Когда девочки чувствовали пальцы Шелли на своих волосах, в их глазах появлялось выражение полнейшего отвращения. Оно частенько перерастало в беспокойство, под которым ощущался едва сдерживаемый трепет страха. Словно девчонки думали, что мир стал бы лучше и безопаснее, если бы его частью не был он, Шелли Лонгпре.

Шелли осознавал их отвращение, но не беспокоился по этому поводу. На самом деле он наслаждался им, насколько вообще мог чем-нибудь наслаждаться. В прошлом году Труди Деннисон наябедничала. Пришлось встречаться с директором школы, мистером Левеском. Отец Шелли, продавец шин, тоже был там. И мать в струящемся шелковом платье.

Шелли строго предупредили, что трогать кого-либо без разрешения – плохо. Он кивнул и улыбнулся своей угрюмой, пустой улыбкой. А выходя из кабинета, услышал, как отец сказал директору: «Такого больше не повторится. Шелли просто… Он заторможенный».

Никто не придавал этим прикосновениям большого значения. Они были фишкой Шелли, как поедание козявок было фишкой Нила Карузо, курение за школьной пристройкой – фишкой Эфраима, игра в «карманный бильярд» под батутом – фишкой Бенджамина Риммера. У каждого мальчика имелась своя фишка, и среди такого широкого диапазона его была не так уж плоха. Она, возможно, намекала на его будущую извращенность – явный симптом, как сказал бы этот шарлатан, доктор Харли, – но пока оставалась безвредной, хоть и слегка тревожной. Приятели-скауты не цеплялись к Шелли по этому поводу. Во-первых, многим из них, наверное, тоже хотелось прикоснуться к струящимся и пахнущим медом волосам Труди Деннисон – они просто не делали следующий логичный шаг. А во-вторых, ребята избегали приставать к Шелли из-за невыразимого, но осязаемого предчувствия, что тот в отместку может сделать что-нибудь очень злое. Худшее, что они когда-либо говорили Шелли, – тупой. Настоящий тупой кролик, как сказал бы Иф… Ну, во всяком случае, раньше так говорили.

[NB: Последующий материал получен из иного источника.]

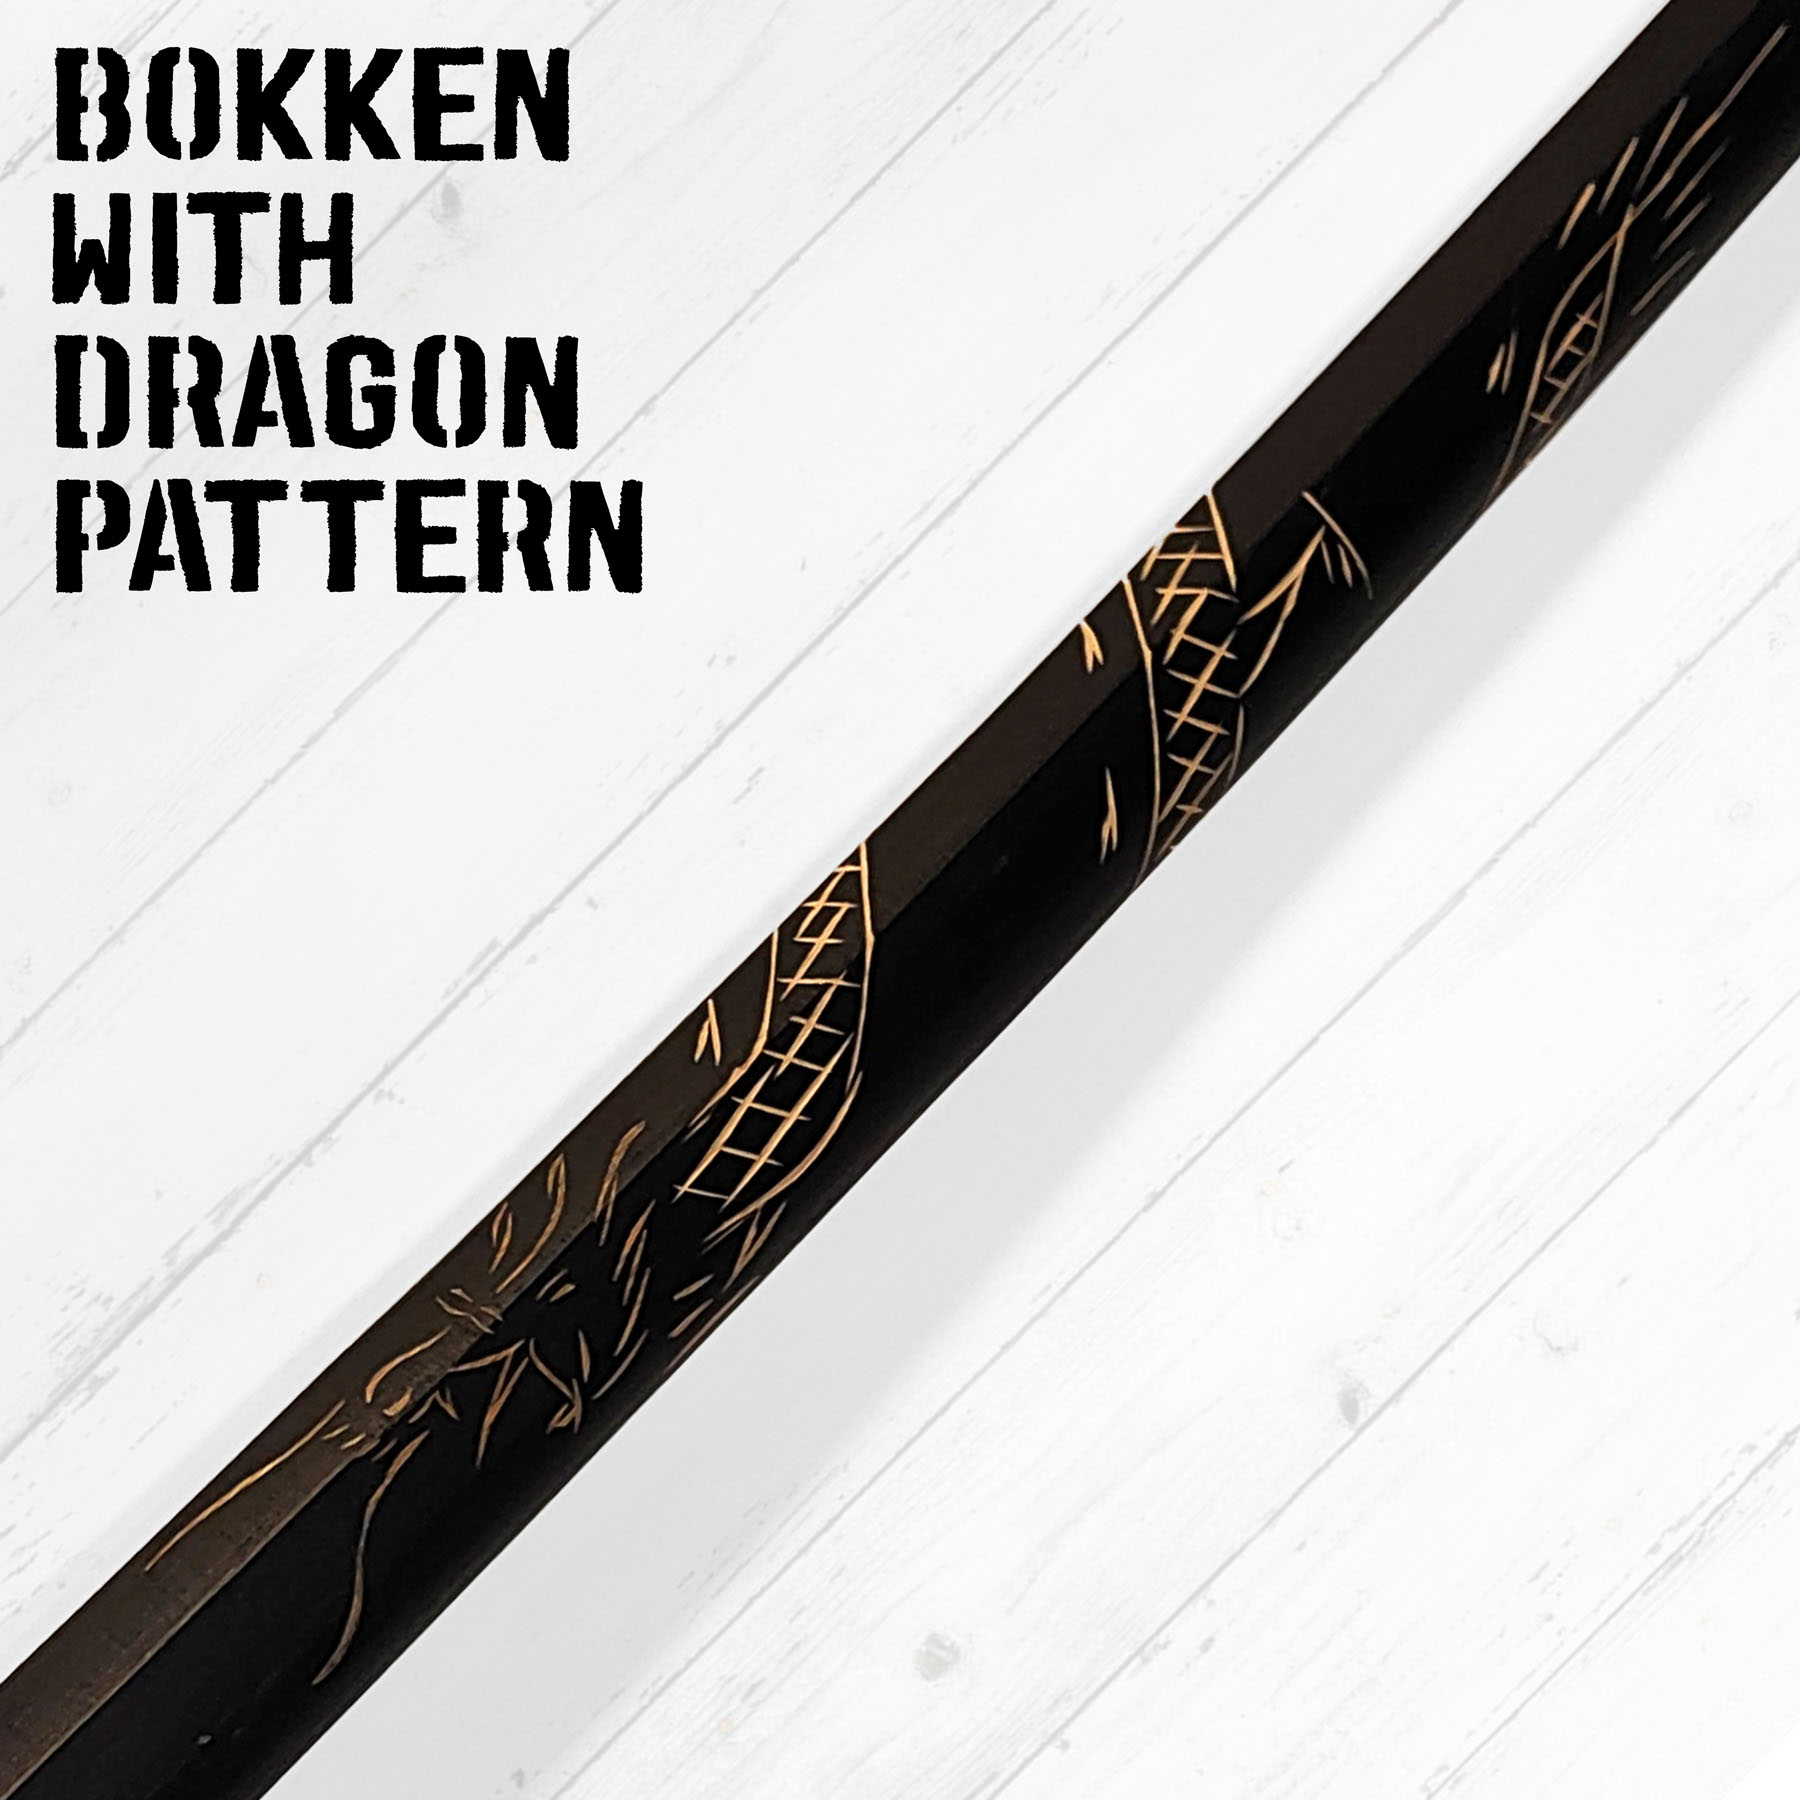 Bokken with dragon pattern

Шелли был доволен, насколько это вообще возможно для такого, как он. Пусть все думают, что он тупой. Пусть глядят на его длинное, как бобовый стебель, тело и вялые конечности, не испытывая ничего, кроме смутного отвращения, которое не в силах объяснить. Отвращения, смешанного со странной тревогой.

– Чей-то смех, Господь, кумбайя; чей-то смех, Господь, кумбайя; чей-то смех, Господь, кумбайя; Господь, кумбайя…

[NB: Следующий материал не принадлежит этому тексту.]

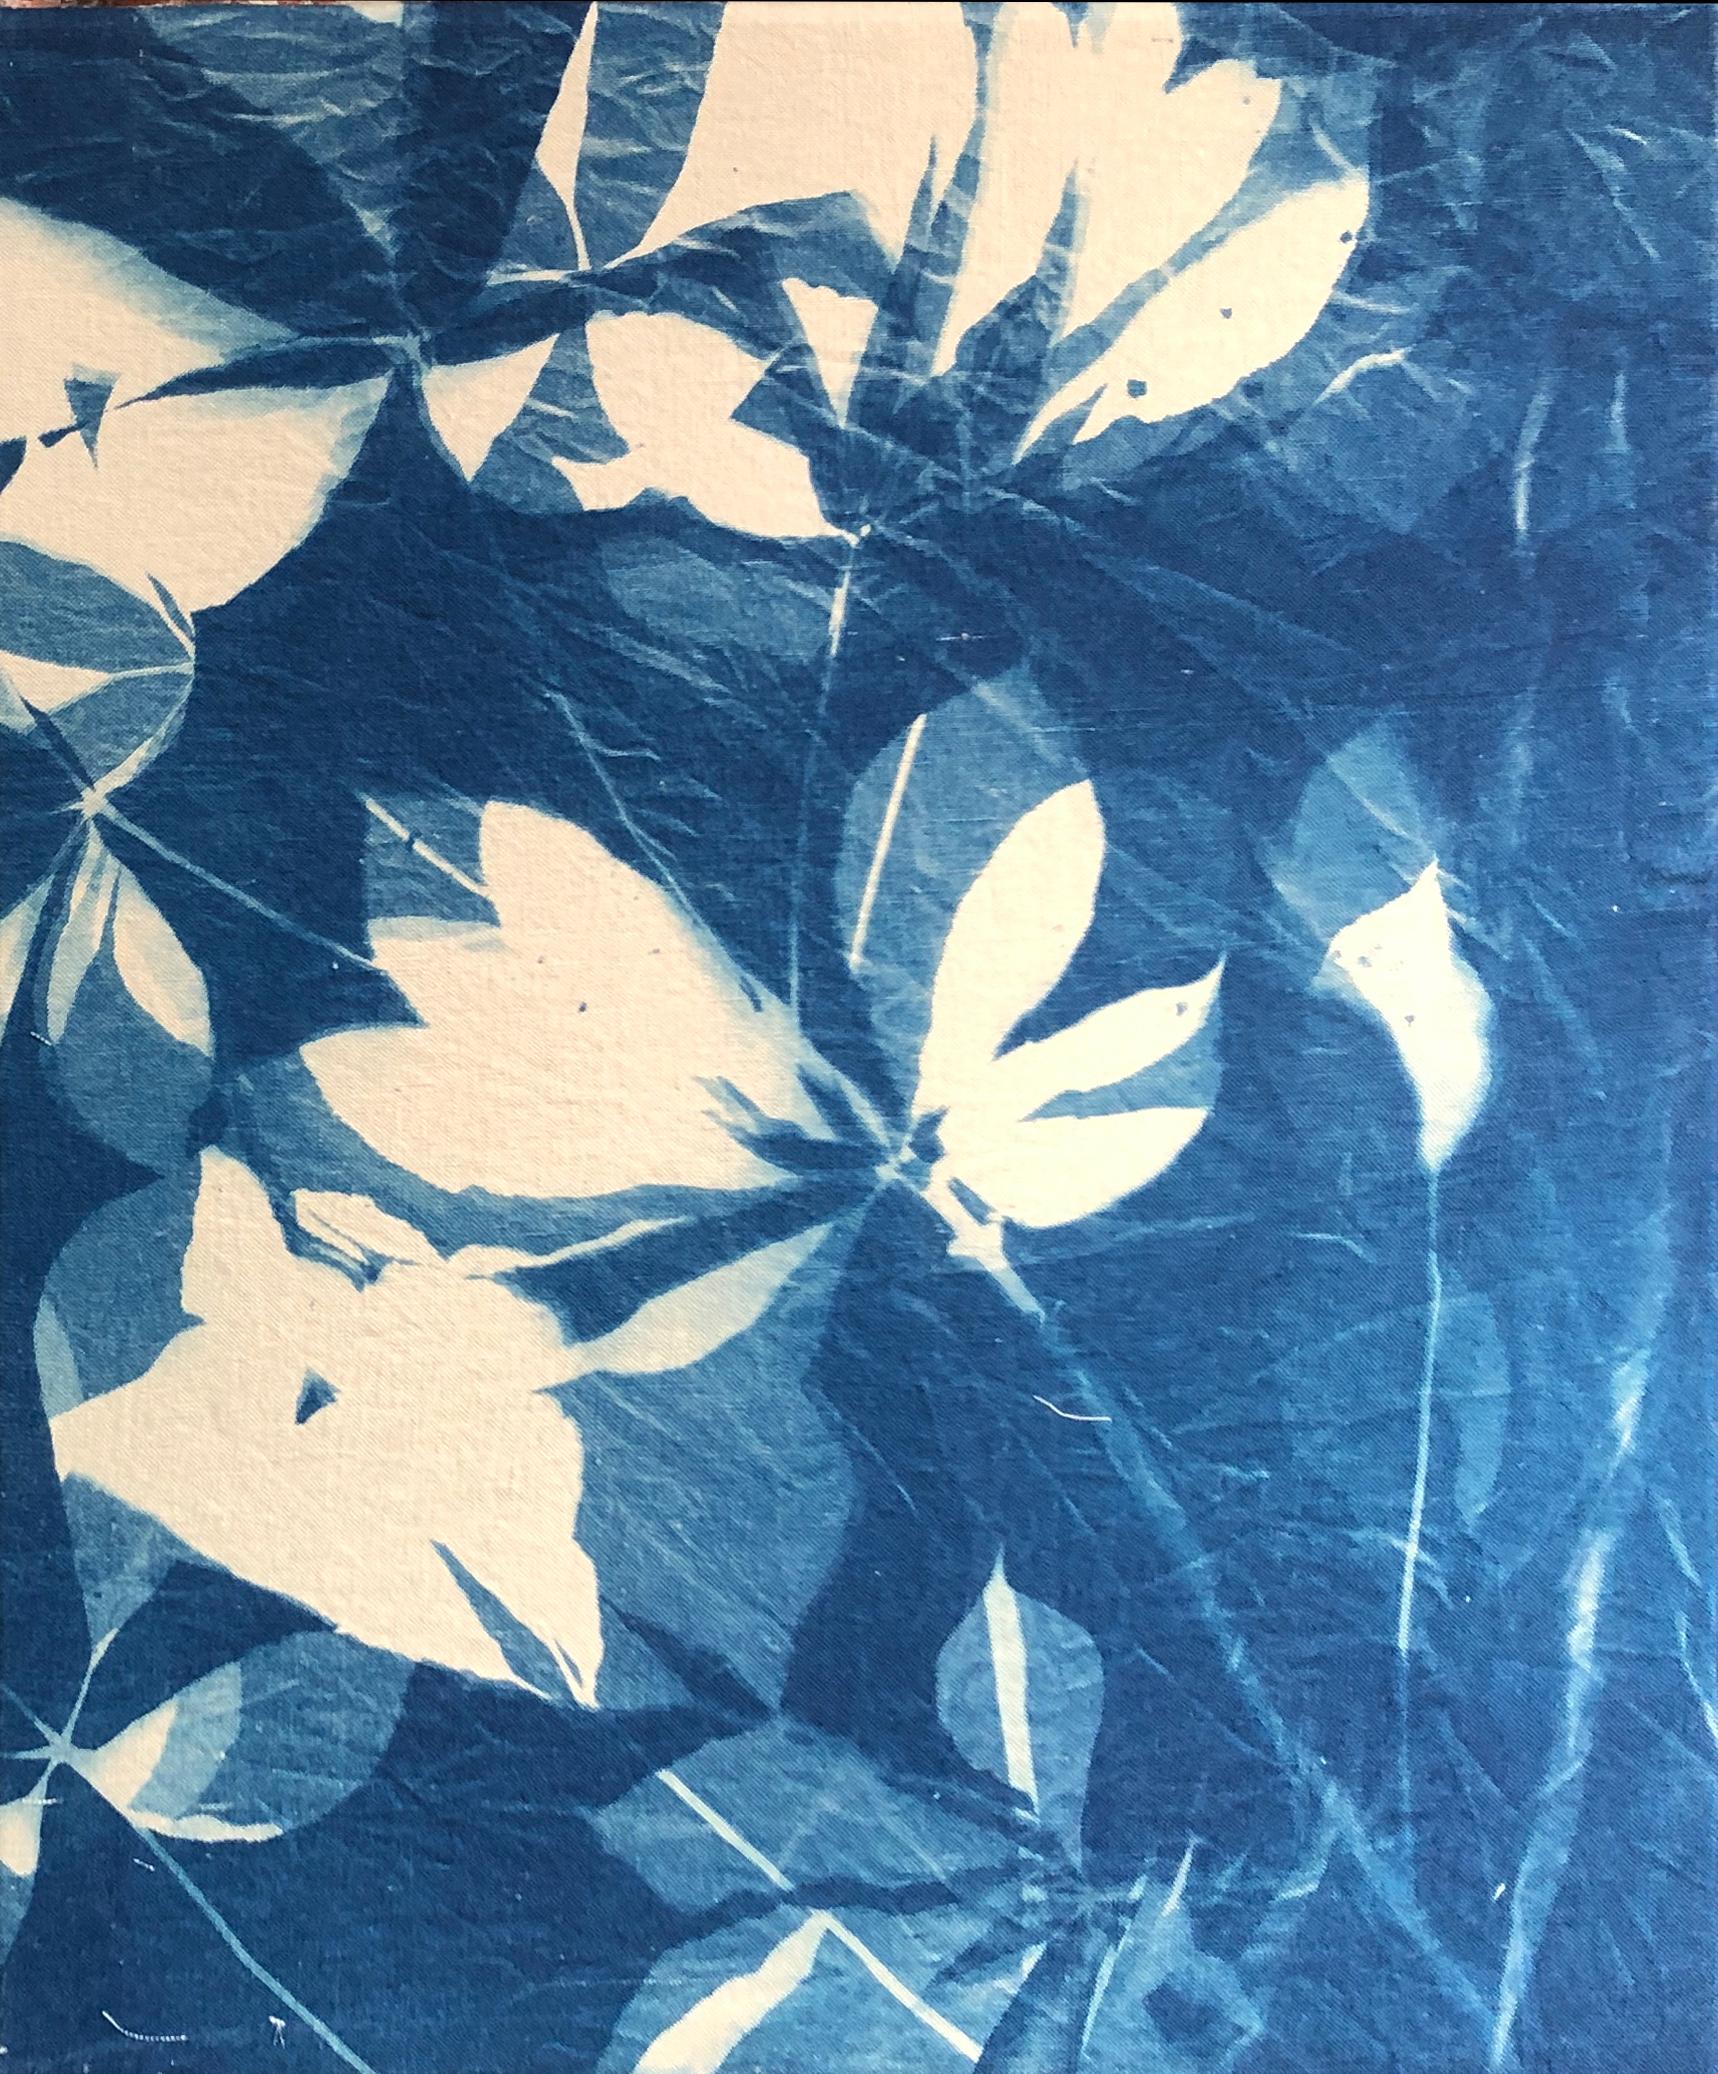 Marie Craig Landscape Photograph - "Buckeye", contemporary, tree, leaves, blue, cyanotype, photograph

Сам того не сознавая, Шелли прижался ртом к шершавому сосновому полу. Начал вгрызаться в него. Дерево скрипело на зубах. Щепки вонзались глубоко в десны. Текла кровь.

Шелли привык быть Щупалкой. А теперь его самого ощупывали изнутри извивающиеся создания.

– Услышь мой смех и плач, Господь, кумбайя, – пропел Шелли. – Услышь мой плач, Господь, кумбайя; услышь мой плач, Господь, кумбайя… Господь, кумбайя…

И он заплакал. Но потекшие из уголков глаз слезы скоро прекратились. Его тело было обезвожено. Иссохло, точно банановые чипсы. Вчера он попытался помочиться на стену хижины. Вышла лишь тонкая струйка, прозрачная, как родниковая вода. Ни малейшей желтизны – желтый цвет давал излишек витаминов и минералов, который обычно выводился. Но сейчас Шелли понимал, что твари внутри него забирали себе все эти излишки – и даже больше.

Слабый свет луны пробивался сквозь разбитую крышу и промокшие матрасы в жуткую нору Шелли, падал на его тело. Брюки сползли, на дюйм оголив щель между ягодицами. Рубашка задралась. Стали видны бугорки позвоночника.

Если бы кто-нибудь наблюдал за Шелли, то заметил бы, как начала вздыматься плоть вокруг позвоночника. Что-то прокладывало себе путь – кругом и вверх. Карабкалось по позвоночному столбу, забираясь все выше и выше.

Прозвучало несколько глухих хлопков, похожих на тихие взрывы петард, – это лопались пузырьки сжатого воздуха между позвонками. Копошившаяся тварь обвивалась вокруг позвоночника, сжималась, зарывалась в сплетения тканей и мышц и повторяла все заново, круг за кругом, снова и снова.

Шелли не кричал. Не шевелился. В какой-то момент он все-таки протянул руку и почесал спину, как будто его укусил комар.

– Ух, – произнес он тоном неандертальца. – Ух… ух-ух.

Трубка стянула позвоночник между острыми крыльями лопаток. Достигнув шеи, она истончилась, словно борясь с сопротивлением, а затем судорожно изогнулась, превратившись в набухший на затылке шнур. Головка ленточного червя вгрызалась в линию волос.

– Ух, – выдохнул Шелли. Его рот раскрылся. Струйка густой крови появилась между зубами.

Тварь забралась в череп. Шелли сразу же наполнило успокаивающее тепло. Он вздохнул, еще глубже погружаясь в себя. И закрыл глаза.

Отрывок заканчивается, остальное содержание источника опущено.